Collaborative mechanism summary: The YOLO-CMA model forms an efficient detection pipeline through the intricate coordination of these three components. Input images first undergo deep feature enhancement via the backbone network integrated with the C3k2_Mambaout module. Subsequently, these features undergo comprehensive multi-scale fusion and refinement within the neck network integrated with the C2fCIB module. Finally, the optimized features are fed into the decoupled detection head to complete high-precision classification and localization. The C3k2_Mambaout and C2fCIB modules play pivotal roles in the “depth” of feature extraction and the “breadth” of feature fusion, respectively. Their synergistic operation is the fundamental reason that the model achieves significant performance improvements in detecting small-object defects while maintaining lightweight characteristics.

To clearly articulate the design motivation and innovations of the core modules in YOLO-CMA, and to illustrate their fundamental differences from existing mainstream lightweight modules, a systematic comparison of the structures and functions of relevant modules is conducted. As shown in Table 4, while classical modules like C3 and C2f can achieve basic feature extraction and fusion, they are not designed for minute defect detection, and the semantic information of small objects is easily lost in deep networks. General lightweight modules [e.g., Compact Inverted Bottleneck (CIB)] focus on compressing parameters but often at the cost of feature representation capability.
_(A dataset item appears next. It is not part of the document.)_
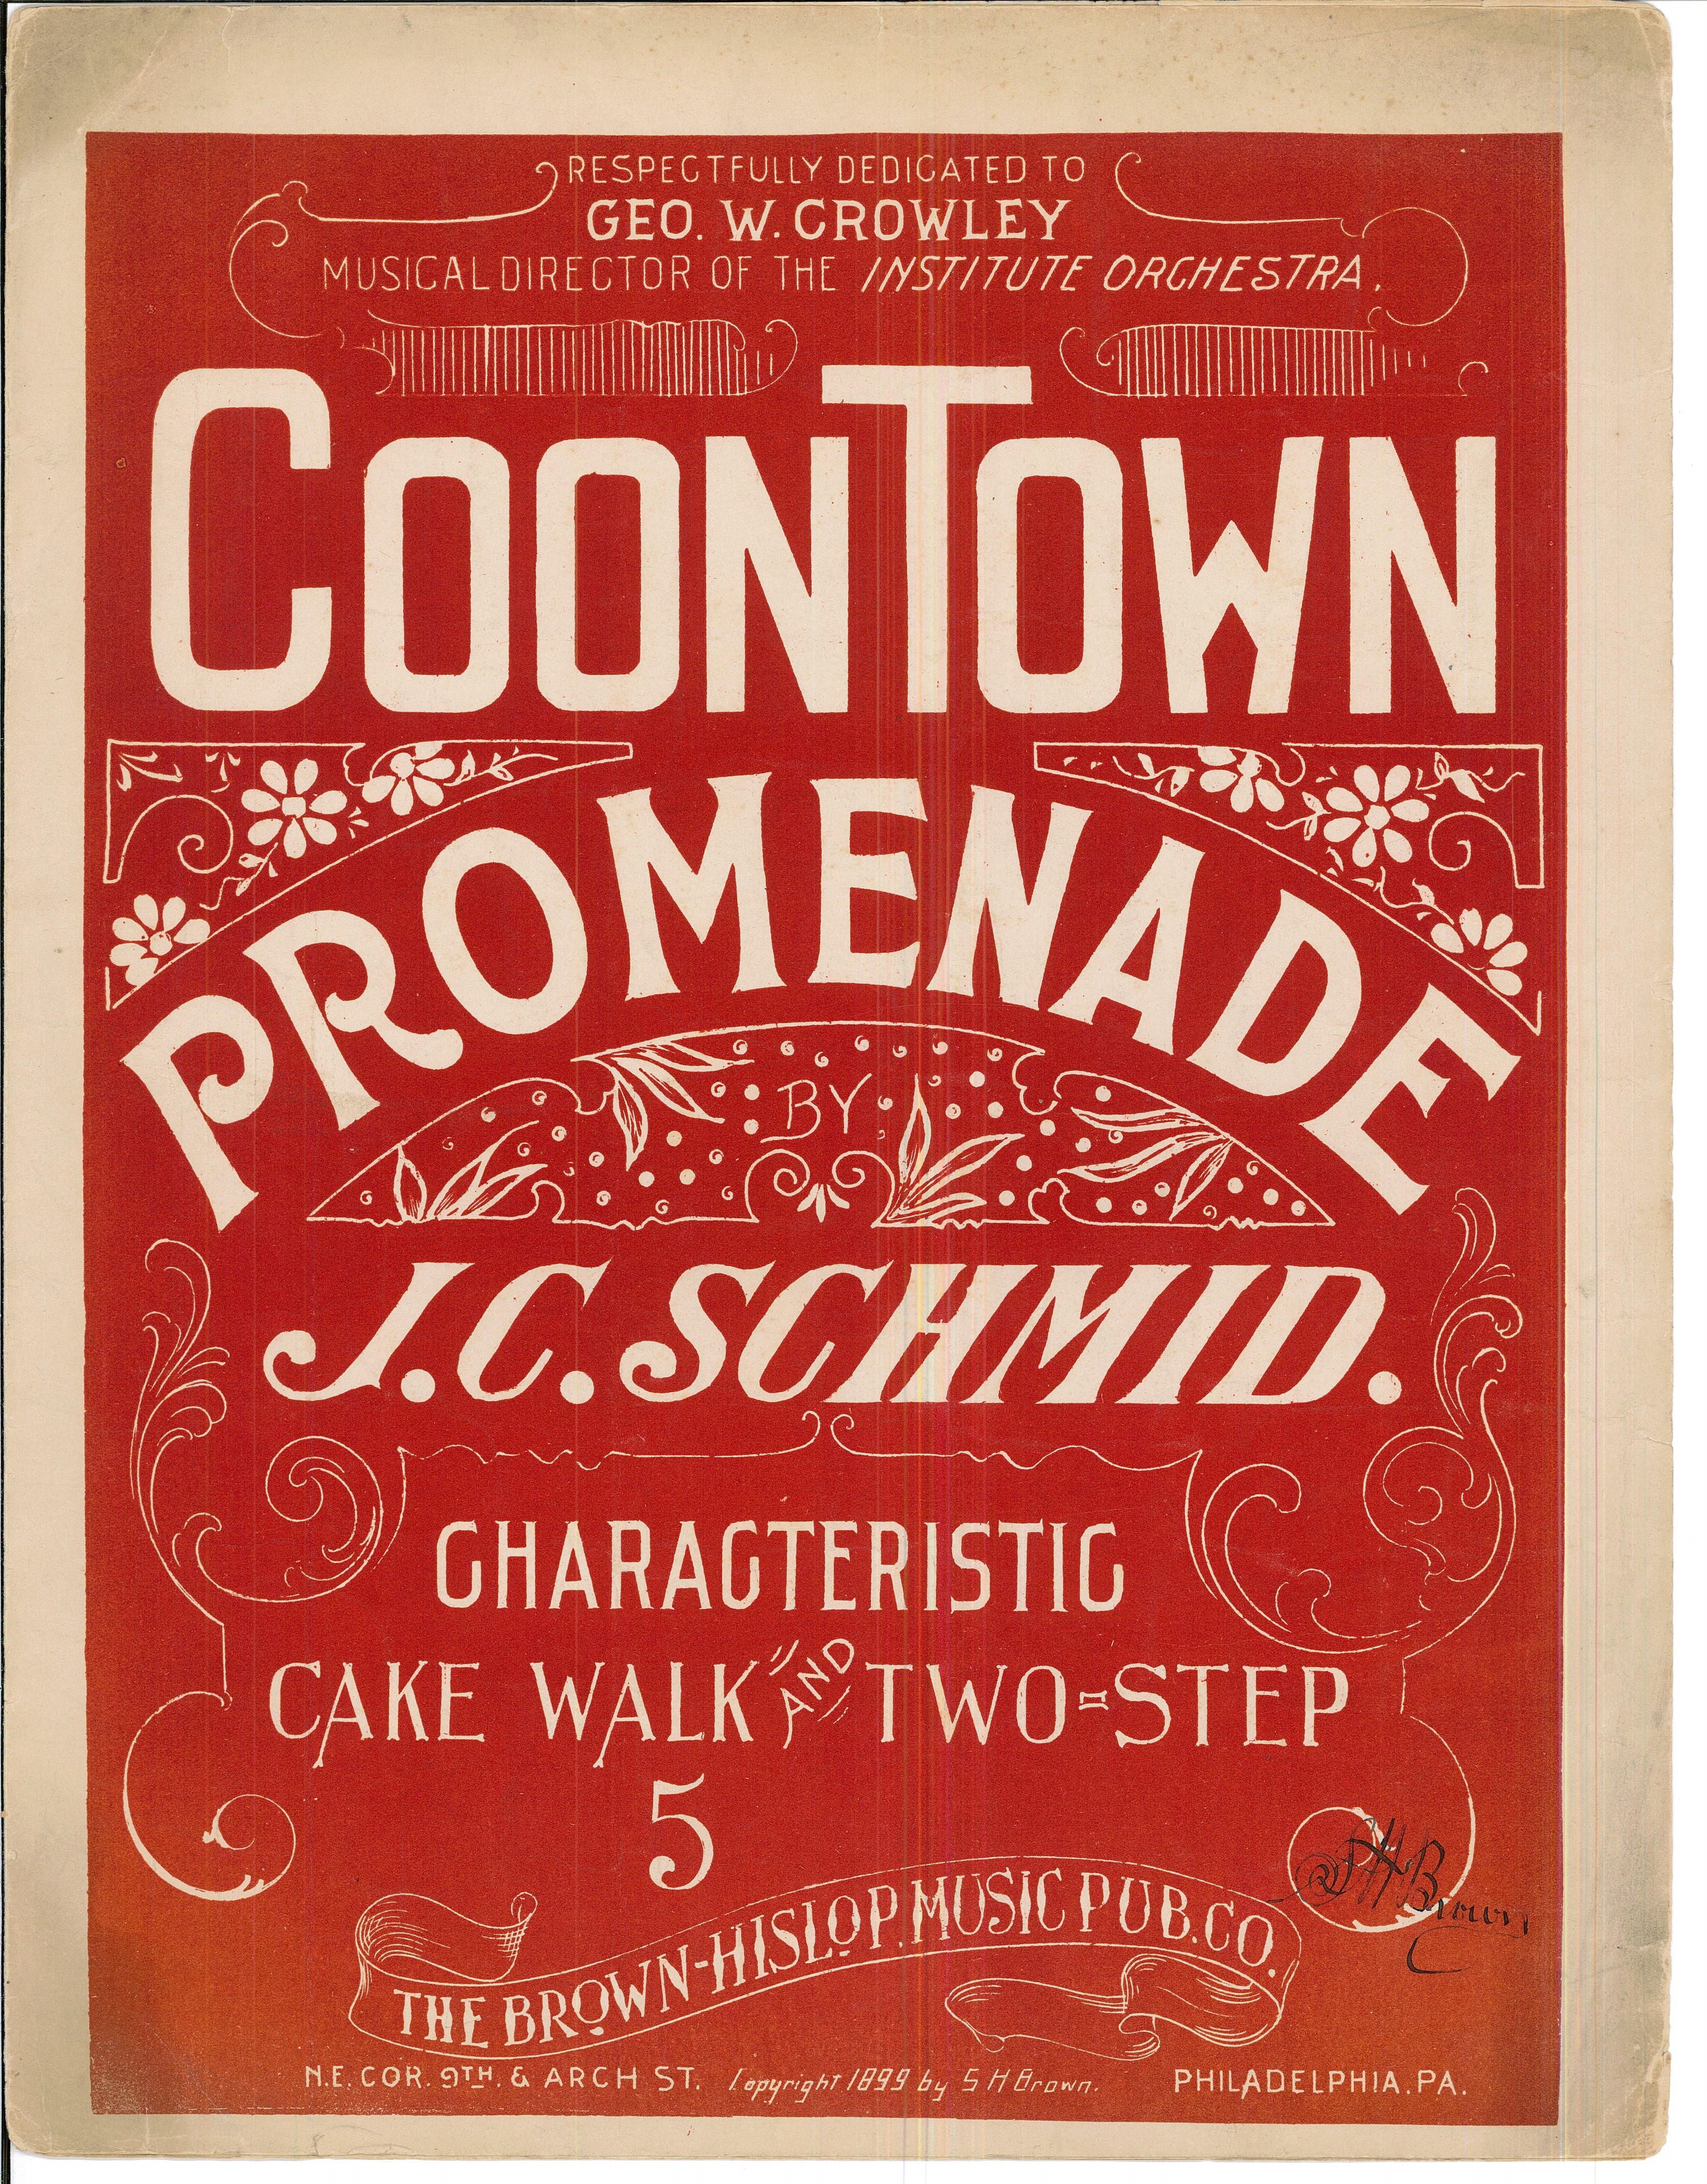 coontown promenade
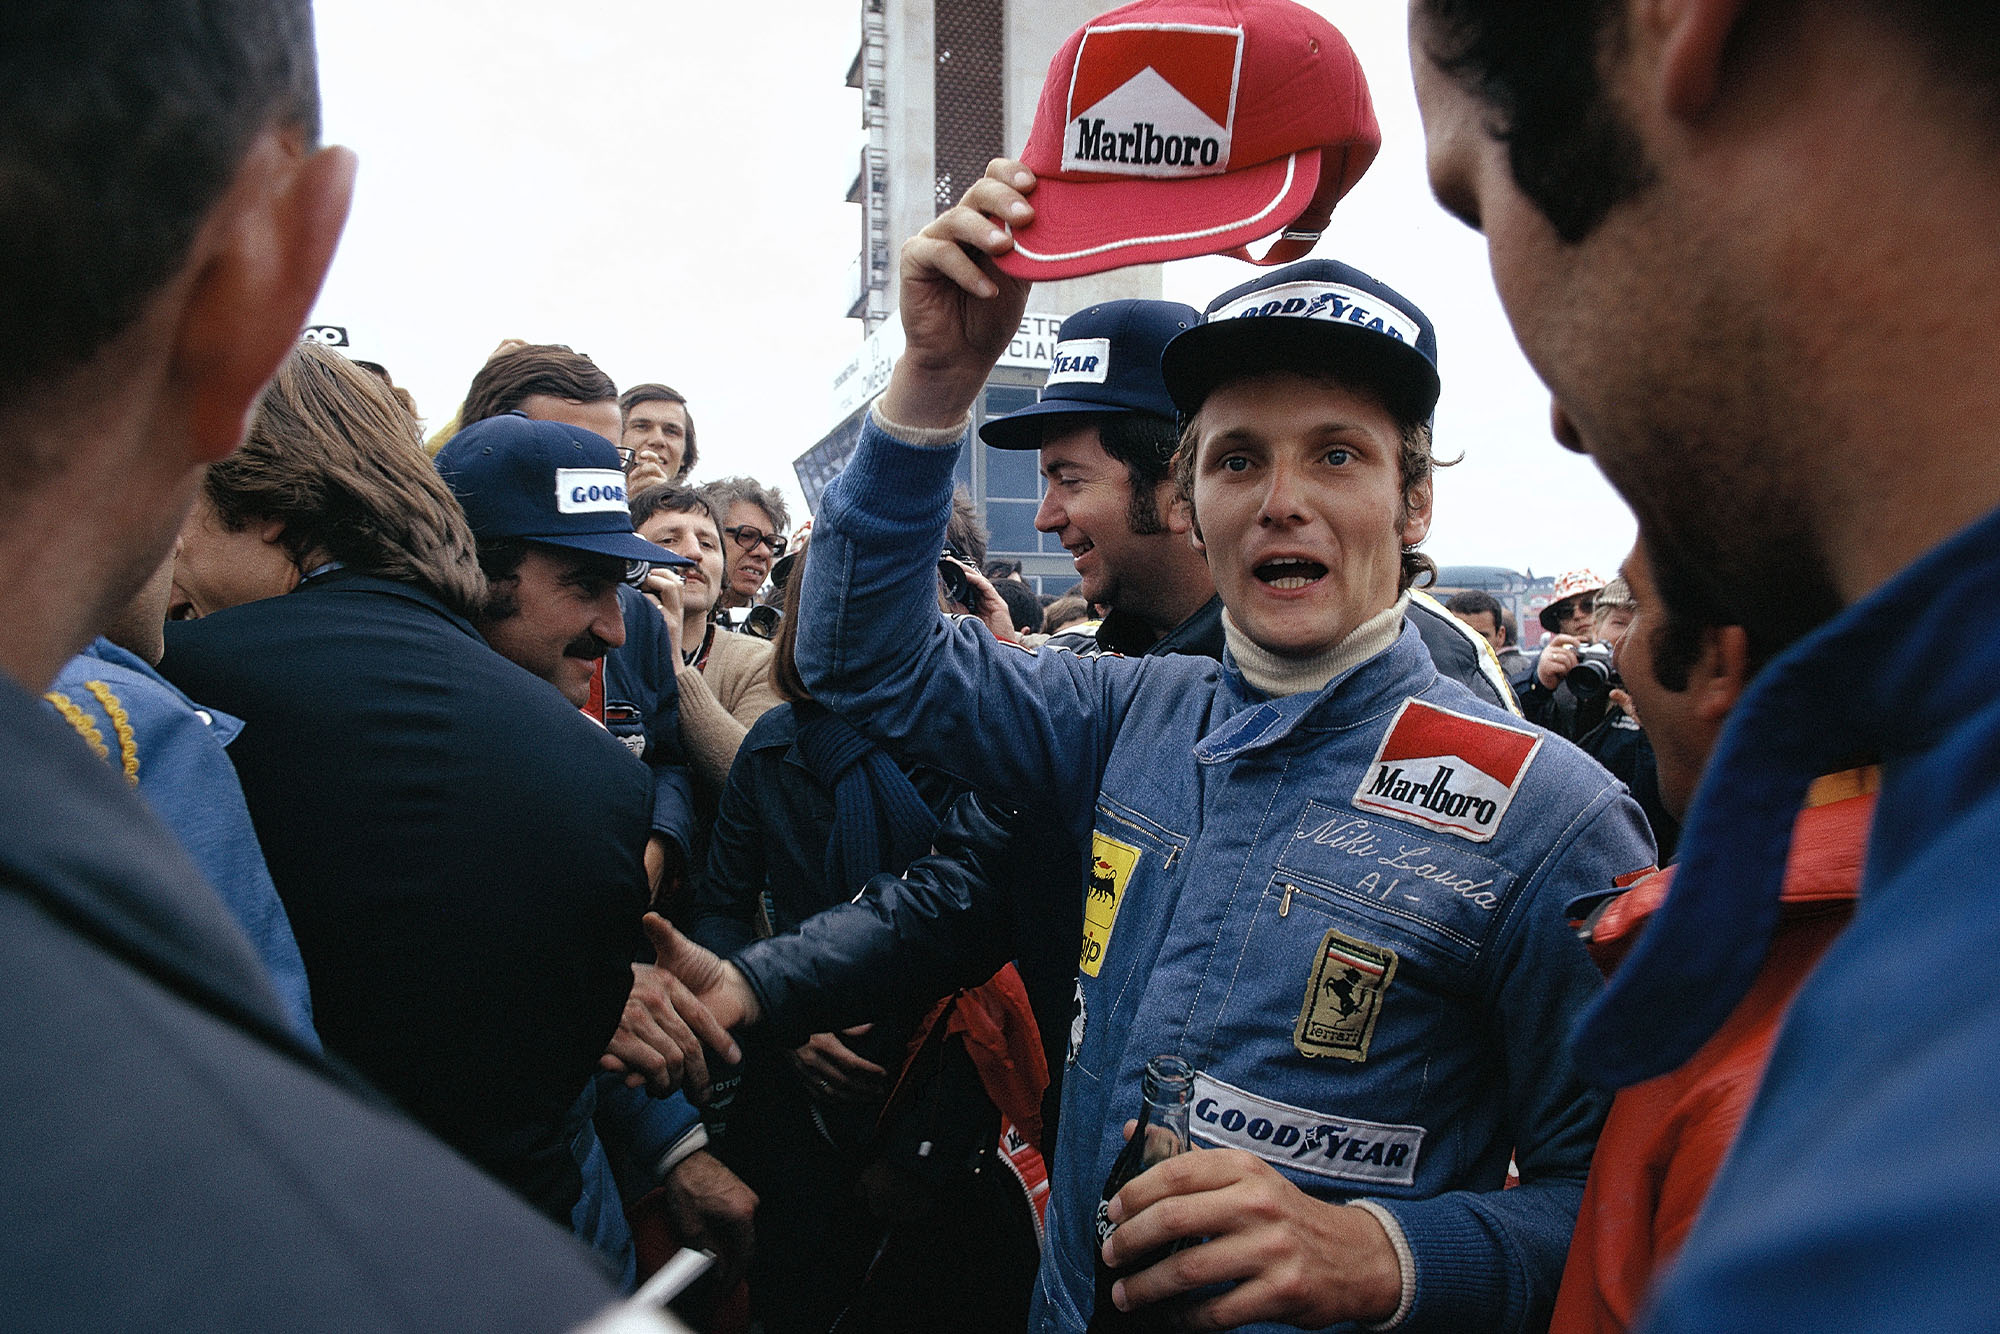 Niki Lauda (Ferrari) celebrates winning the 1974 Spanish Grand Prix

To address these limitations, the proposed C2fCIB and C3k2_Mambaout modules introduce targeted optimizations: C2fCIB enhances the extraction and gradient flow of small-object features while maintaining lightness by incorporating a compact inverted bottleneck block; C3k2_Mambaout optimizes the discriminative fusion of multi-scale features using a dual-path gating mechanism. These two innovations are the key to solving the bottleneck in detecting minute defects in Sanhua plums.

Table 4

Table 4. Structural comparison of lightweight channel-mixing modules.

4.2 C2fCIB module—enhanced feature extraction and gradient flow

In object detection models, the design of feature fusion modules is crucial for effectively transmitting and integrating multi-scale information. To further enhance the feature fusion and representation capabilities for minute defects (e.g., insect holes) in Sanhua plums beyond the YOLOv12 baseline model, while maintaining computational efficiency on edge devices, this study introduced the C2fCIB (C2f with Compact Inverted Bottleneck) module and applied it to key layers (e.g., P5/32-large layer) to replace the original structure (Wang et al., 2024).

The core of the C2fCIB module lies in embedding the CIB block as a fundamental building unit within the C2f multi-branch fusion framework. This architecture aims to optimize the feature transformation process through CIB blocks while enriching the feature flow within the multi-path fusion framework. This dual approach enhances the model’s ability to capture small-object features while controlling computational overhead. The C2fCIB block structure draws inspiration from deep separable convolutions and inverted bottleneck connections to construct an efficient feature transformation unit. Its architecture is illustrated in Figure 5.

Figure 5

Flowchart illustrating a neural network module. A 1x1 convolution splits into a loop with a CIB module, performing multiple iterations. Arrows indicate operations, including addition and a C-step. The CIB block contains sequential 3x3 depth-wise and 1x1 convolutions.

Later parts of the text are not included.